*Instructions for the task:*
Output, without alteration, the first line of the entries and each line after it, stopping with the line that contains "9 Ounce Pocket T-Shirt Navy".

*Provided data:*
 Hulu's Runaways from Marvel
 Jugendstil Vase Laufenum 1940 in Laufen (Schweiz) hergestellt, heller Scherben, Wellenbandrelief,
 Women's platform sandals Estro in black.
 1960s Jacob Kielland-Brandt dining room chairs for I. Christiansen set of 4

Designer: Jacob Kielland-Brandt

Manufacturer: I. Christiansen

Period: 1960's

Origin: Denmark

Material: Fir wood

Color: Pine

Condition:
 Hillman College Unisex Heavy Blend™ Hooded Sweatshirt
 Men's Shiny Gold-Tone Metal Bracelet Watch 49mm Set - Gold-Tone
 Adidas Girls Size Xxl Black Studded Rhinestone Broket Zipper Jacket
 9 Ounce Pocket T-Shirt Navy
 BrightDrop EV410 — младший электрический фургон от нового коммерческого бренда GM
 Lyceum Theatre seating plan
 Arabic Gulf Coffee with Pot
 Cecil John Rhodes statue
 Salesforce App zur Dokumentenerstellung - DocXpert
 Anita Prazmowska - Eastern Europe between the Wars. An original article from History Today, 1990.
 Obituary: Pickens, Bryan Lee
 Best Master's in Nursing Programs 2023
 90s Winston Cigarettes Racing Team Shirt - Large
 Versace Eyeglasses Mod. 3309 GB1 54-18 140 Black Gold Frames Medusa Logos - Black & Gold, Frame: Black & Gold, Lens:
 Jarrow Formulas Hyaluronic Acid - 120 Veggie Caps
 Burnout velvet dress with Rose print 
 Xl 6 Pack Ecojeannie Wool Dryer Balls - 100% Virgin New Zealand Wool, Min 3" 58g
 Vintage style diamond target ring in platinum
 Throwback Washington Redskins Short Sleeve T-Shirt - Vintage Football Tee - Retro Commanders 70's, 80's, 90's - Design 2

*Exercise result:*
 Hulu's Runaways from Marvel
 Jugendstil Vase Laufenum 1940 in Laufen (Schweiz) hergestellt, heller Scherben, Wellenbandrelief,
 Women's platform sandals Estro in black.
 1960s Jacob Kielland-Brandt dining room chairs for I. Christiansen set of 4

Designer: Jacob Kielland-Brandt

Manufacturer: I. Christiansen

Period: 1960's

Origin: Denmark

Material: Fir wood

Color: Pine

Condition:
 Hillman College Unisex Heavy Blend™ Hooded Sweatshirt
 Men's Shiny Gold-Tone Metal Bracelet Watch 49mm Set - Gold-Tone
 Adidas Girls Size Xxl Black Studded Rhinestone Broket Zipper Jacket
 9 Ounce Pocket T-Shirt Navy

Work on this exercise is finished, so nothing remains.